A representation of Judaica permanently rests at the South Pole in a hole three feet deep in snow that never melts in the Antarctic cold and is thus preserved for the ages. Roy Millenson of Bethesda, Maryland, has placed there the phylacteries his parents gave him for his Bar Mitzvah at the old Adas Israel Synagogue here nearly 40 years ago. The synagogue, now a national monument, is being converted by the Jewish Historical Society of Washington into a museum and library in time for America’s bicentennial as a nation.

Millenson, an observant Jew, told the Jewish Telegraphic Agency of the incident today upon his return from Antarctica where he had gone with a Congressional delegation to inspect the National Science Foundation’s station at the Pole. He is a staff member of the Foundation’s subcommittee of the Senate’s Labor and Public Welfare Committee and an aide to Sen. Jacob K. Javits (R.NY).

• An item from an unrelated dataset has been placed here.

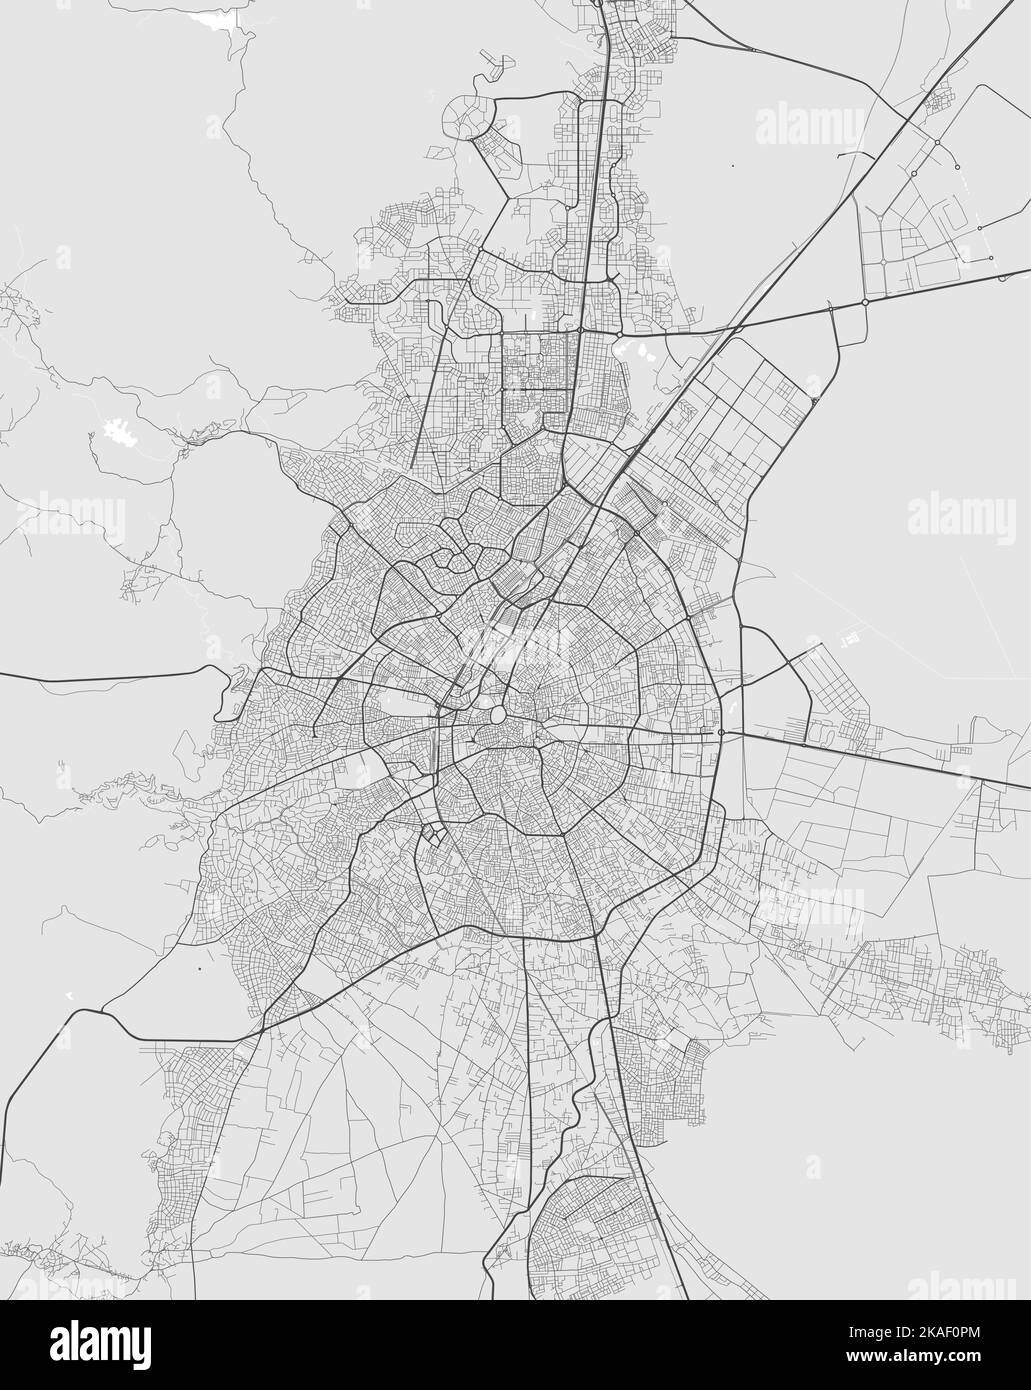 Mapa de Konya. Mapa detallado del área administrativa de la ciudad de Konya. Panorama del paisaje urbano. Ilustración vectorial libre de derechos de autor. Mapa de carreteras con autopistas, ríos. Ilustración del Vector

The phylacteries, Millenson said, “have be come worn over the years and my rabbi said that the proper way to dispose of them was by burial. The Antarctic trip came along and I took them with me. I said two prayers–the ‘shechayuno’ and the ‘shma’–and covered them with snow. As far I know, mine were the first Hebrew prayers ever said at the South Pole. The phylacteries are in a paper beg bearing the date Jan. 3. when the burial took place, Millenson said. The temperature at the time was 14 below zero (F).